Spiraling debts forced Carillion into compulsory liquidation after three profit warnings in five months. Since then, serious governance concerns have been raised, including the company having paid an increasing dividend over a number of years, while presiding over a pension deficit in excess of £500 billion.
Corporate governance is an ever-evolving beast and the standards which companies are expected to adhere to are moving higher, for good reasons. Even without Carillion’s demise, this was always going to be a particularly hot topic this year, with a number of government-led efforts to catalyse change under way – spanning topics including executive pay, directors’ duties and board composition.
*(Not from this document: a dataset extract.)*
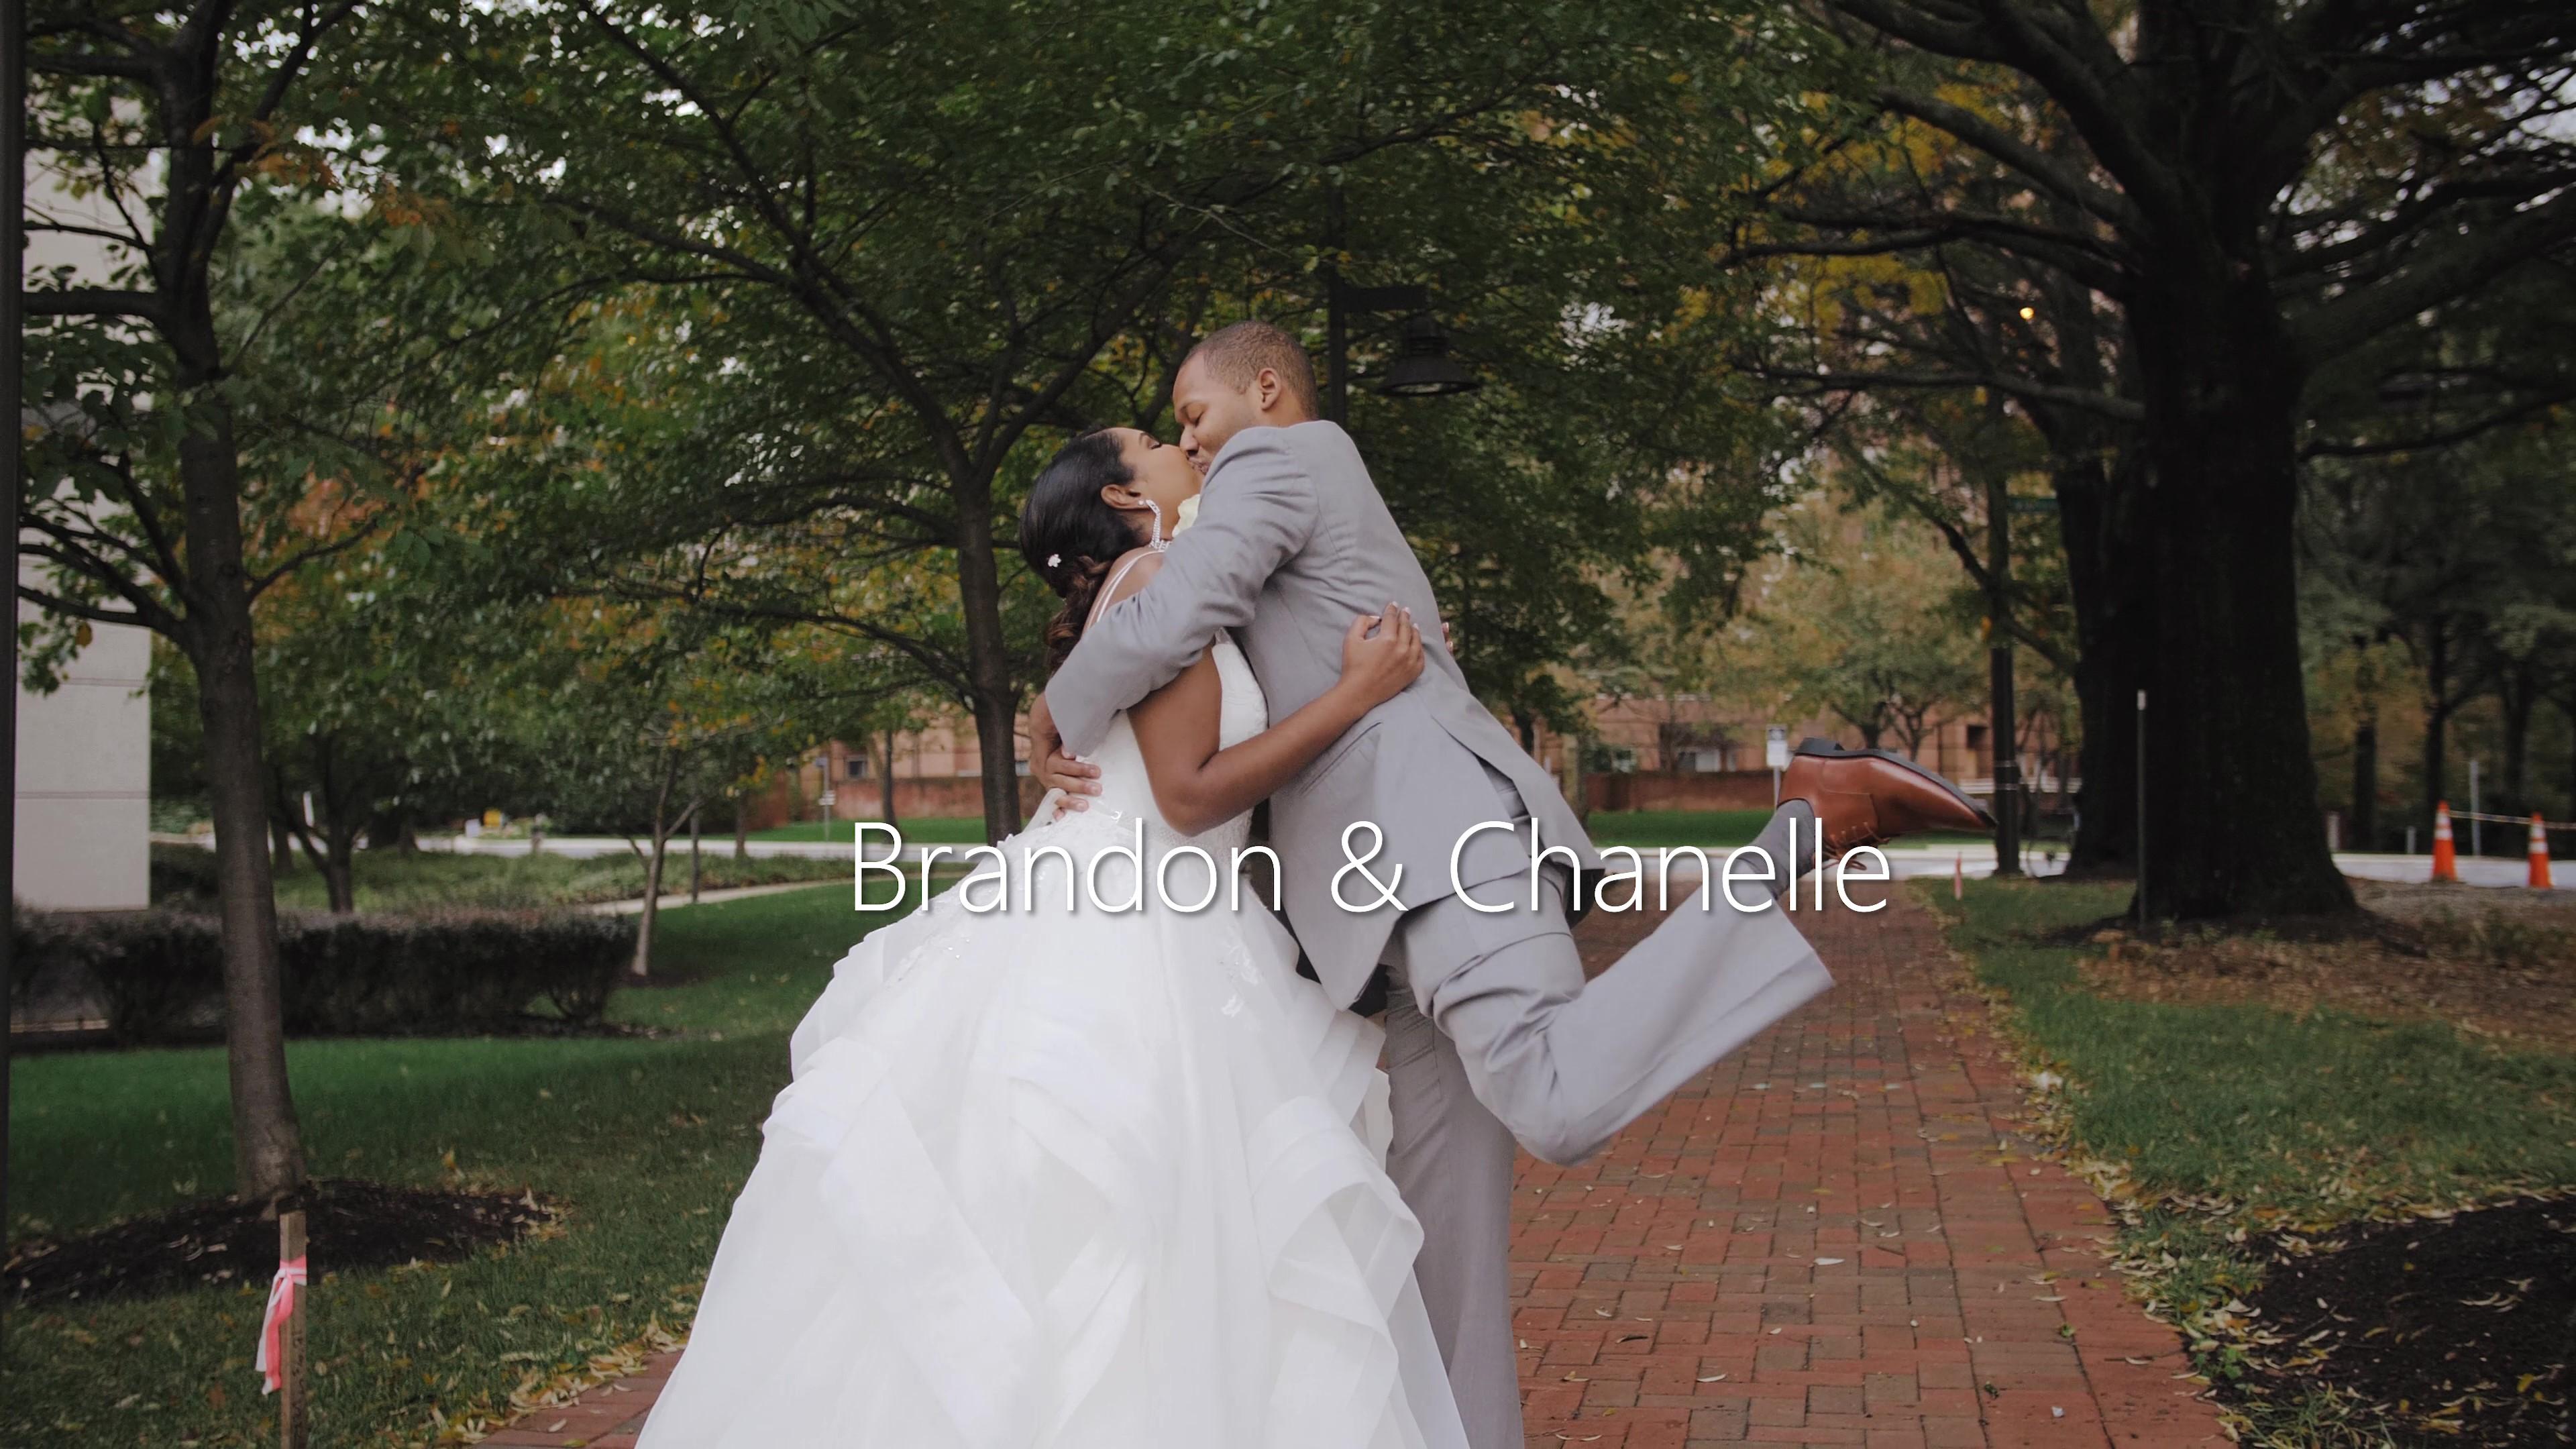 Brandon + Chanelle | Bethesda, Maryland | The Marriott

The pending revision of the UK Corporate Governance Code by the Financial Reporting Council (FRC) – which we will be contributing our thoughts to – is a relevant case in point. Mooted revisions include a hardening stance on what constitutes an independent director; ensuring appointments and succession planning at company-management level promote gender, social and ethnic diversity; increased scrutiny over executive remuneration and a greater promotion of a healthy corporate culture.
What’s more, previous exemptions for smaller companies are being removed, such as the requirement for a majority of independent board members. The FRC notes ‘even smaller companies should strive for the highest standards of corporate governance’.
Interestingly, we are seeing many of the same themes in the Monetary Authority of Singapore’s recent proposed revisions to its own code, with emphasis on a more streamlined set of guidelines, more thoughtful application from companies (rather than it being a box-ticking exercise) and tougher recommendations on board independence.
Will these reforms make a difference? We think so, but we caution against viewing them in isolation. They fit into a broader push, involving shareholders and asset managers like ourselves, to promote good governance and more long-term ‘holistic’ thinking. Indeed, this is what we mean when we talk about stewardship.